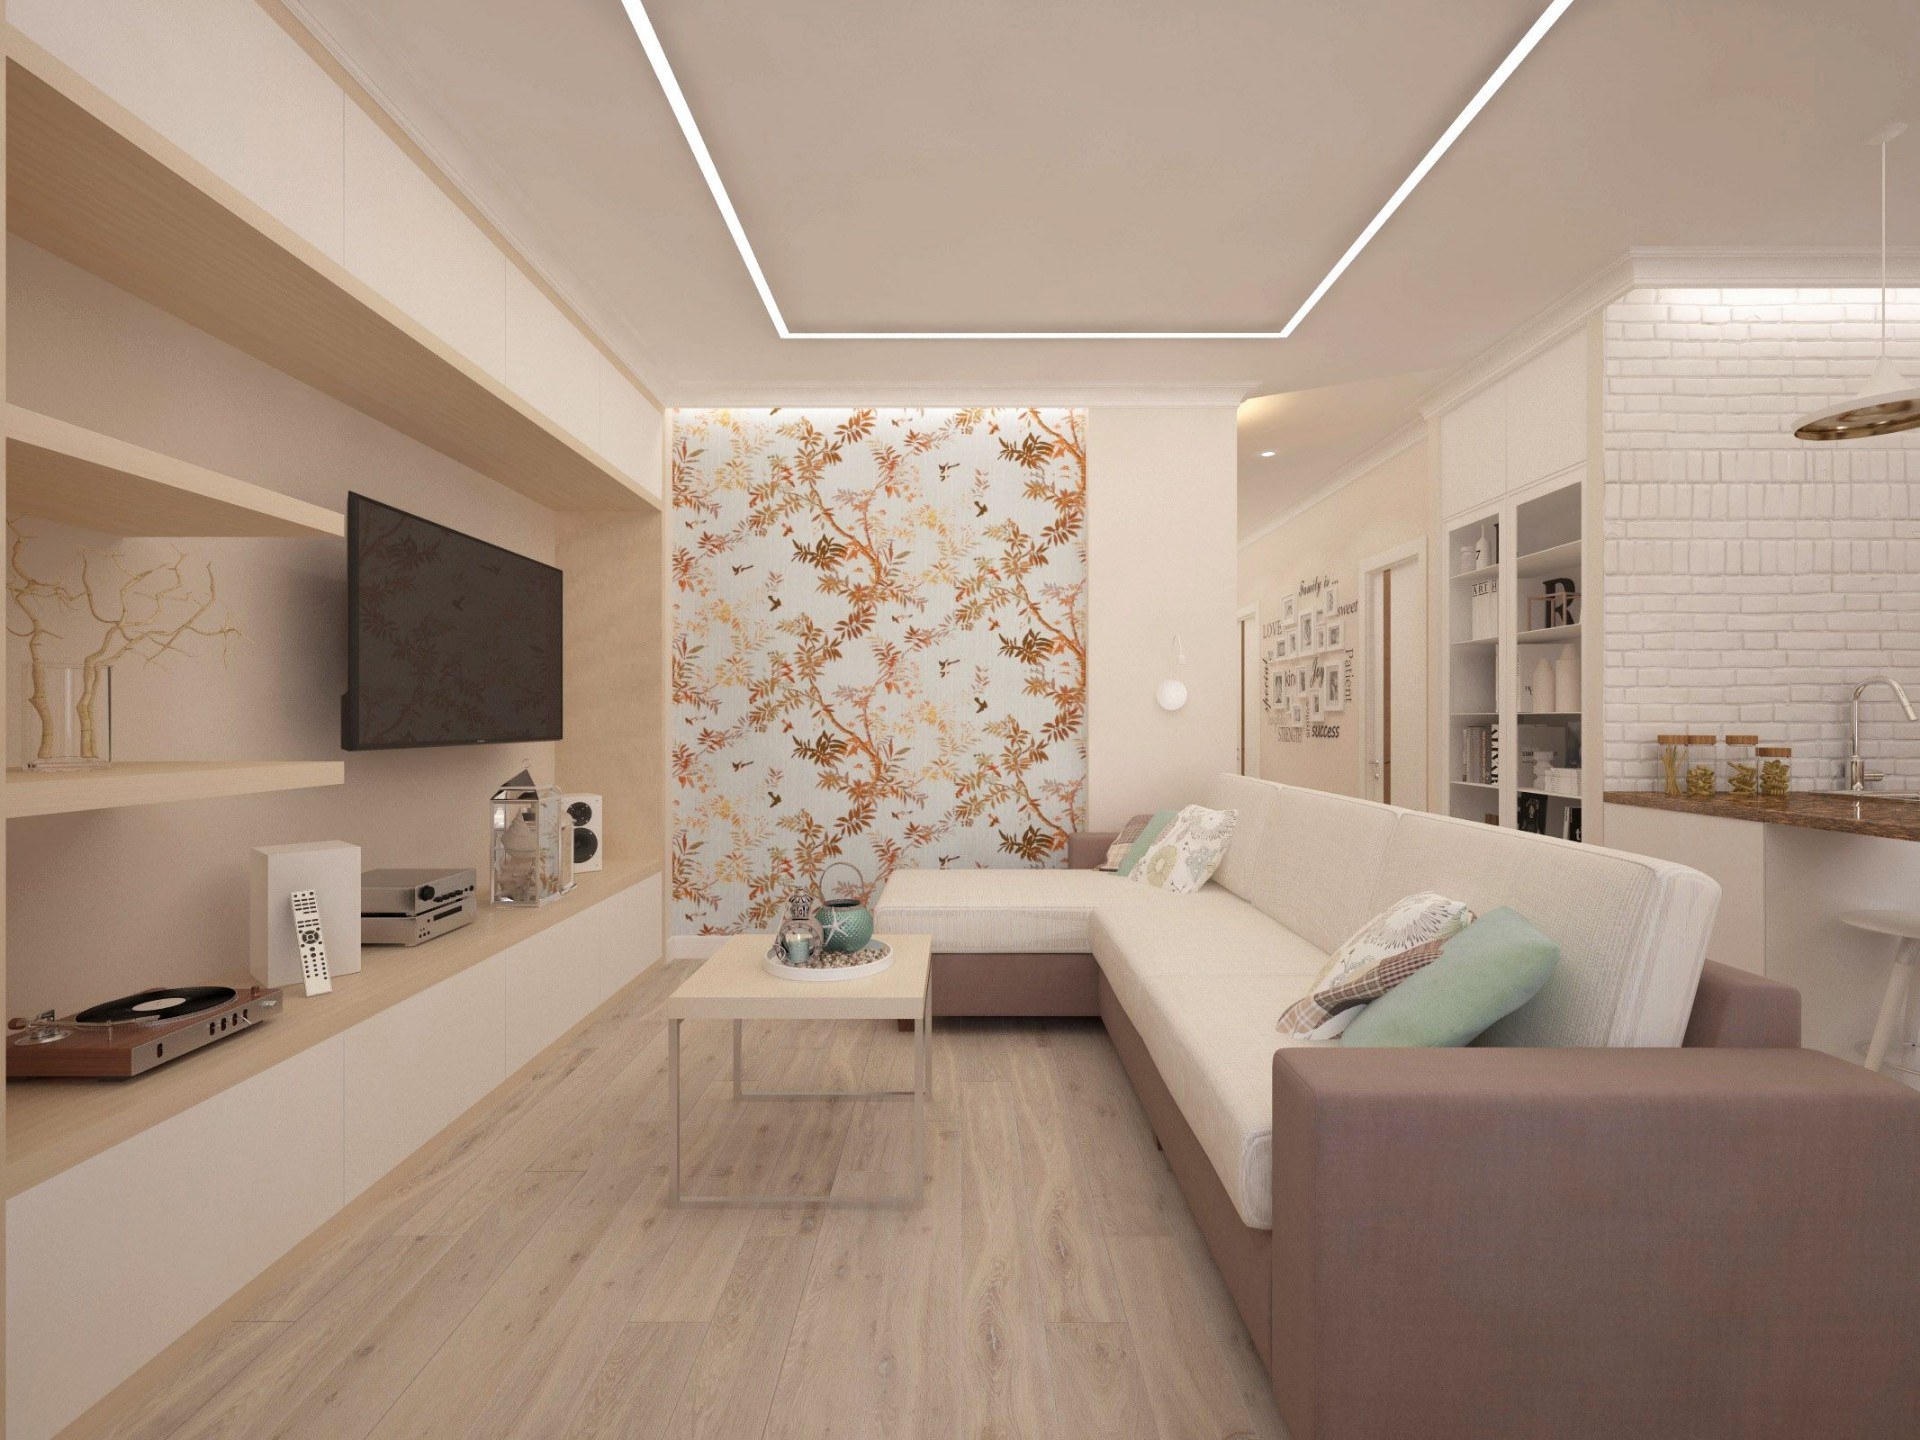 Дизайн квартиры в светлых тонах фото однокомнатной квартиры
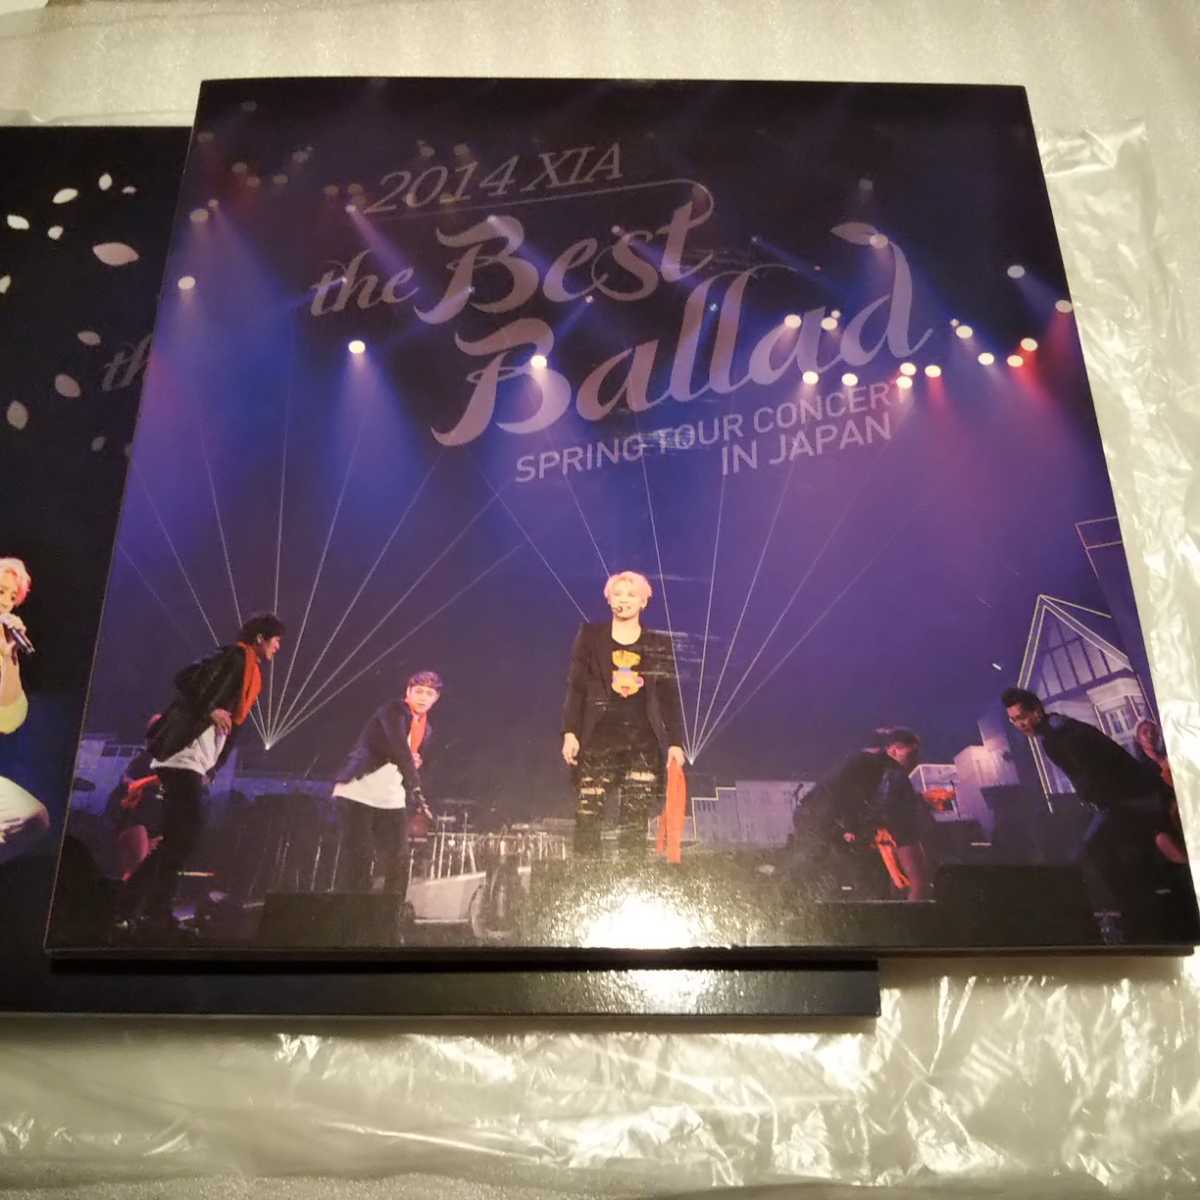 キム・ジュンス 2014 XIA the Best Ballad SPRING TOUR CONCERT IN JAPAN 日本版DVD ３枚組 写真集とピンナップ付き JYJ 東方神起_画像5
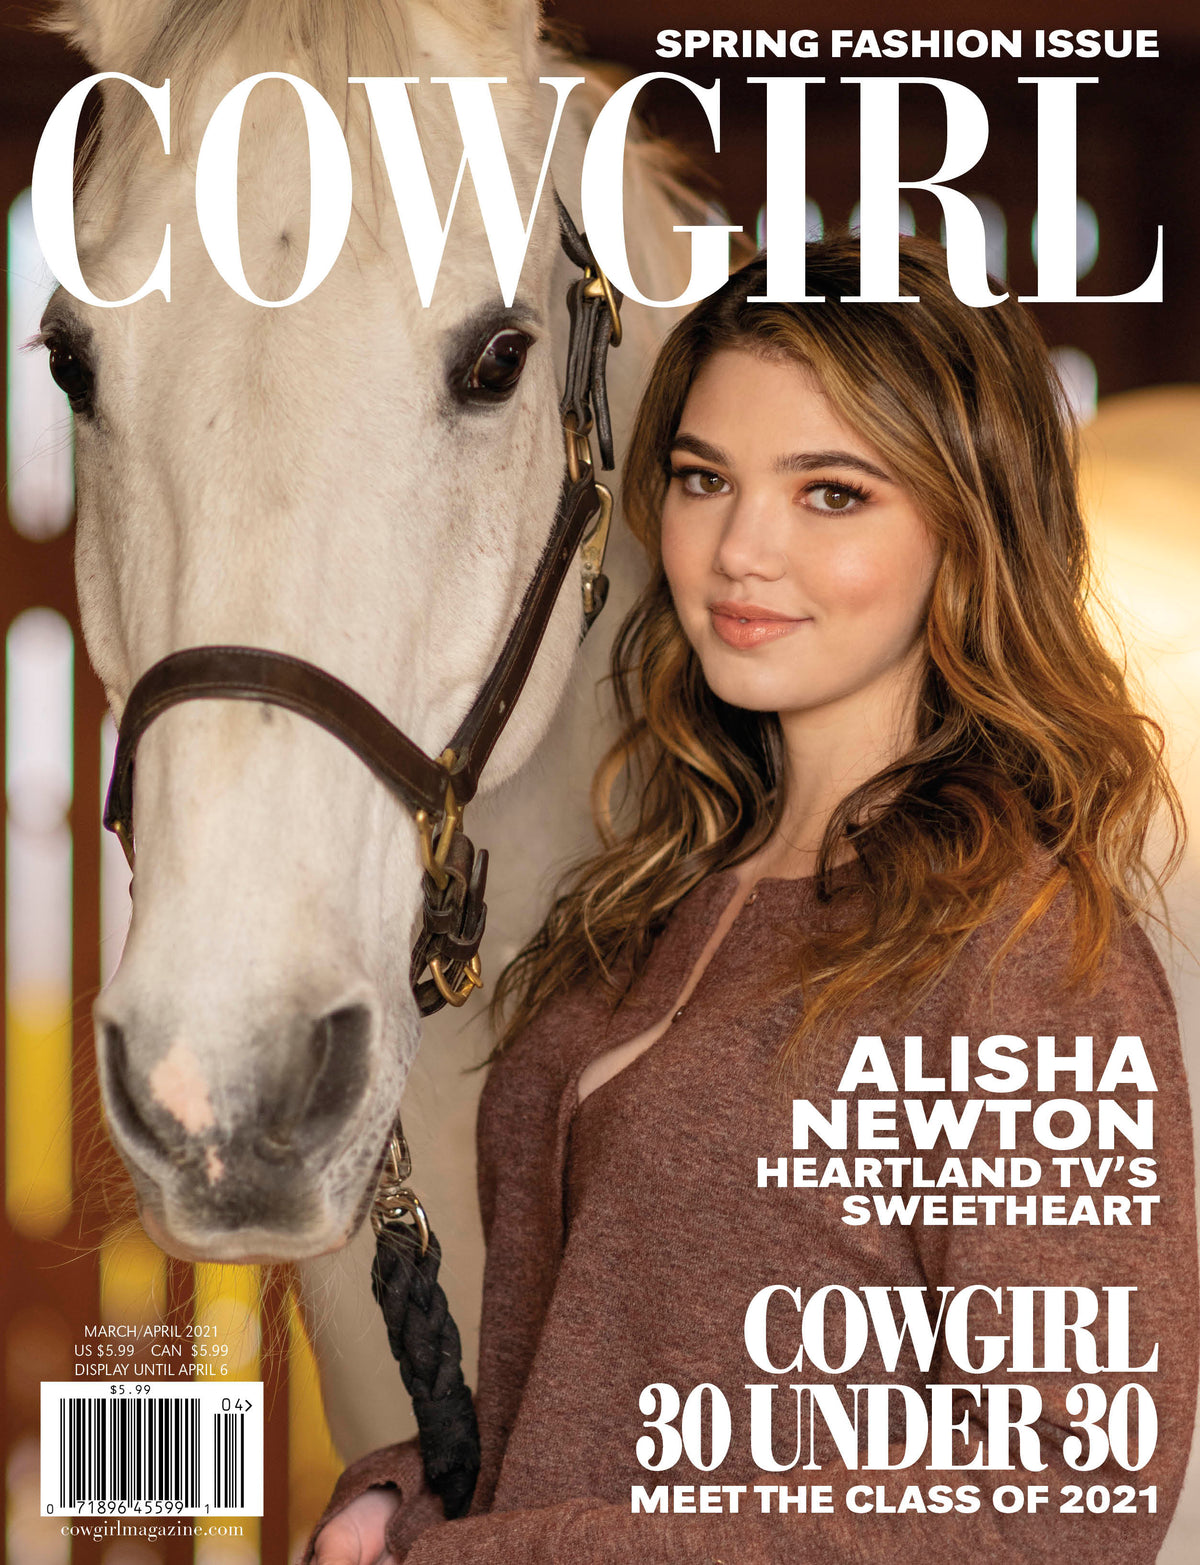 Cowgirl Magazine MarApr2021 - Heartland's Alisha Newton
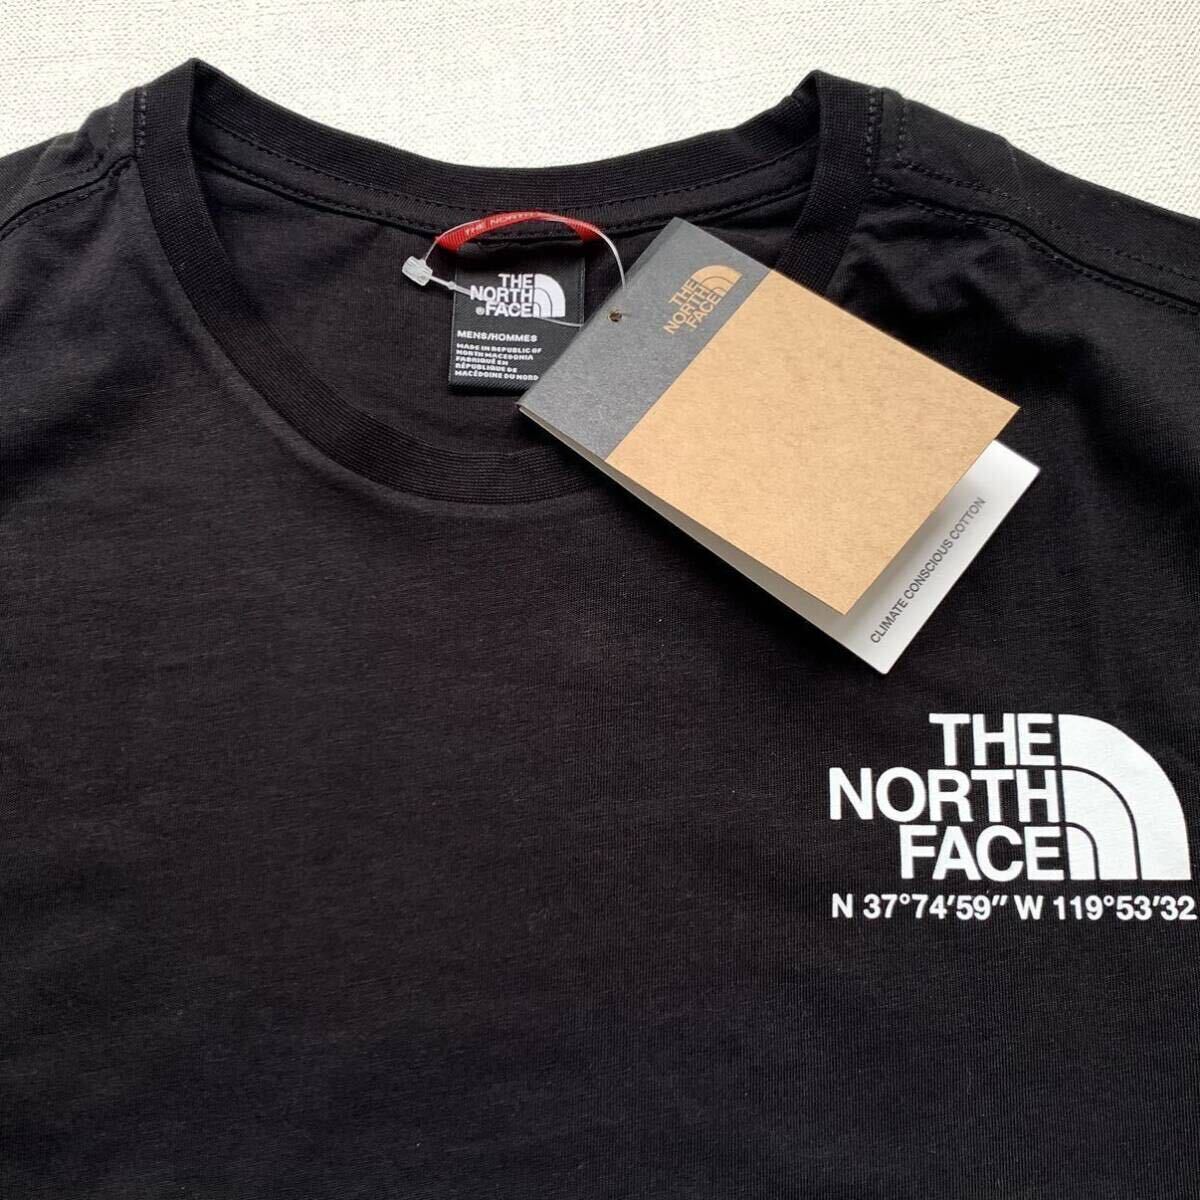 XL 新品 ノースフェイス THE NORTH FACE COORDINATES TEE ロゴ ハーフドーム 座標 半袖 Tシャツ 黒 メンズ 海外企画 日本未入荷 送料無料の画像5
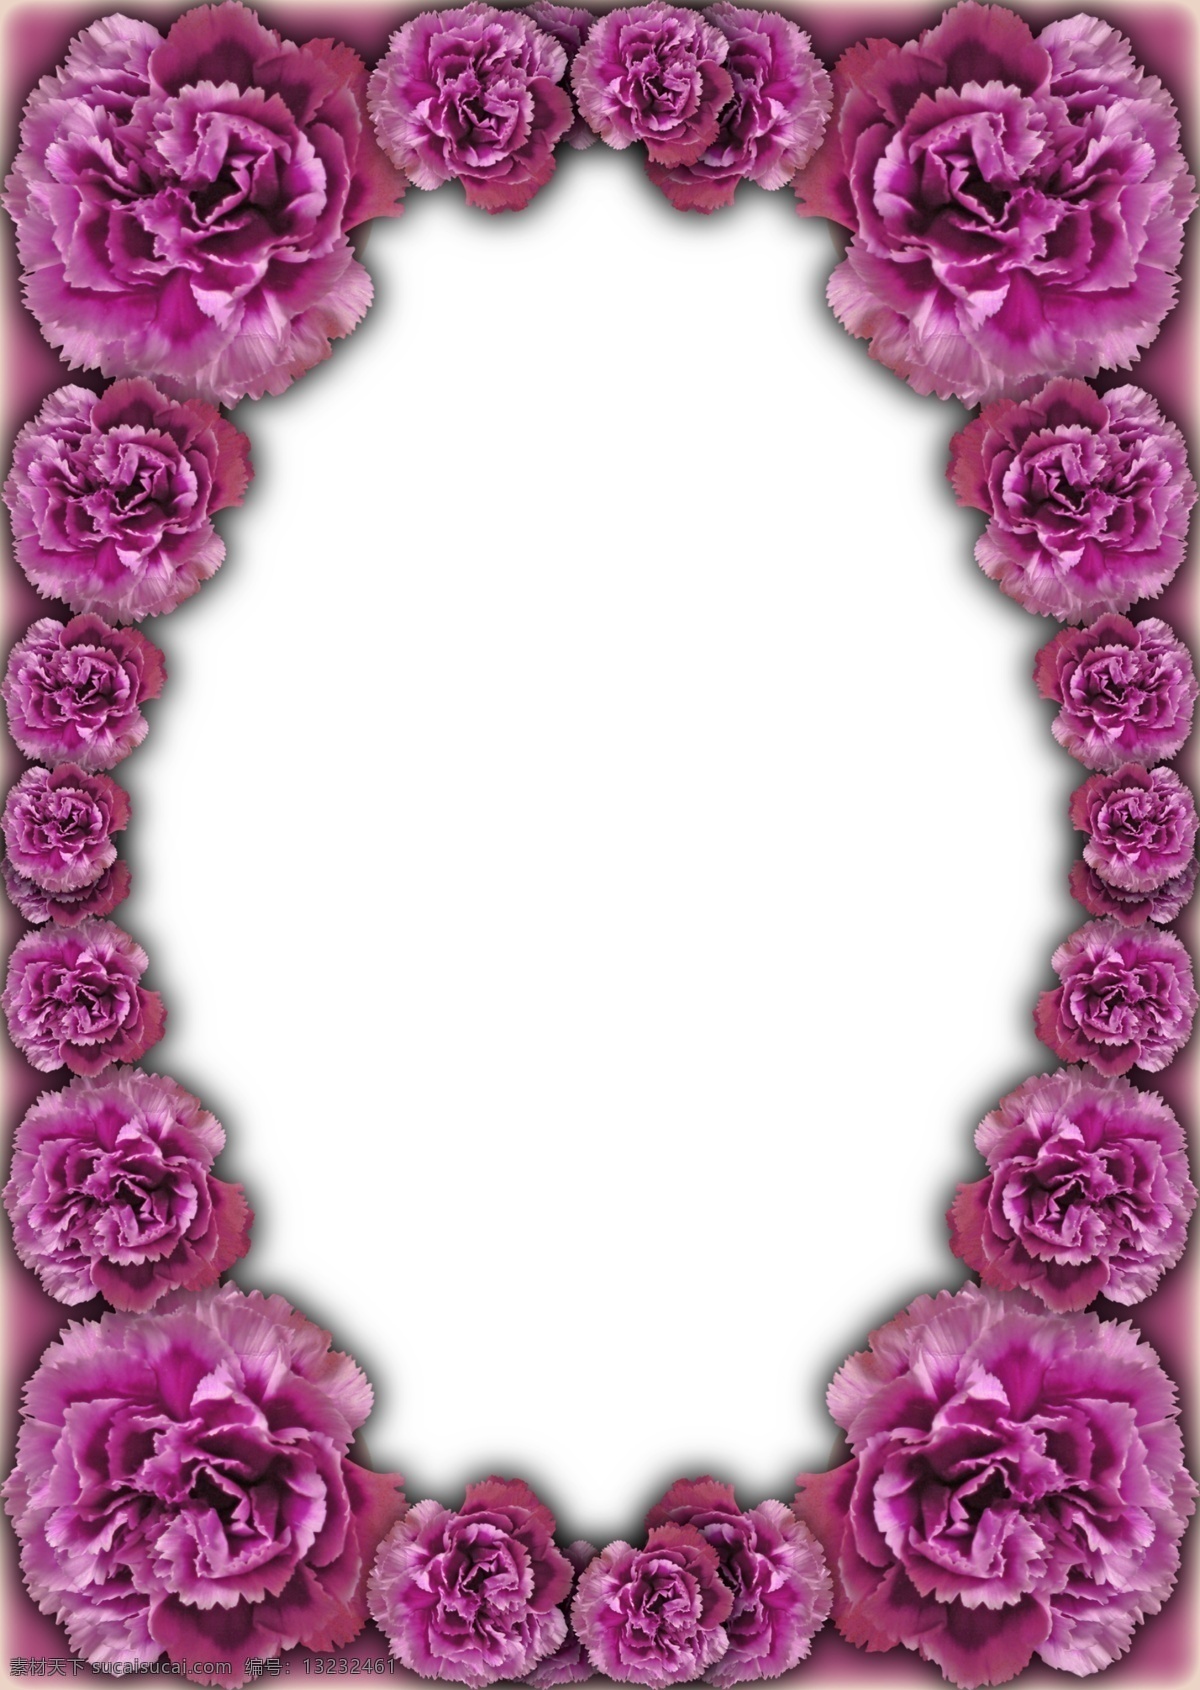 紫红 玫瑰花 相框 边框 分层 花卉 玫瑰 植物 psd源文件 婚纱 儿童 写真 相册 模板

========================

**Goal of the exercise**
Nothing but an exact copy of the data above, minus its pictures, should appear in the response.

**Result**
 Дизайн квартиры в светлых тонах фото однокомнатной квартиры
 キム・ジュンス 2014 XIA the Best Ballad SPRING TOUR CONCERT IN JAPAN 日本版DVD ３枚組 写真集とピンナップ付き JYJ 東方神起_画像5
 Cowgirl Magazine MarApr2021 - Heartland's Alisha Newton
 XL 新品 ノースフェイス THE NORTH FACE COORDINATES TEE ロゴ ハーフドーム 座標 半袖 Tシャツ 黒 メンズ 海外企画 日本未入荷 送料無料の画像5
 紫红 玫瑰花 相框 边框 分层 花卉 玫瑰 植物 psd源文件 婚纱 儿童 写真 相册 模板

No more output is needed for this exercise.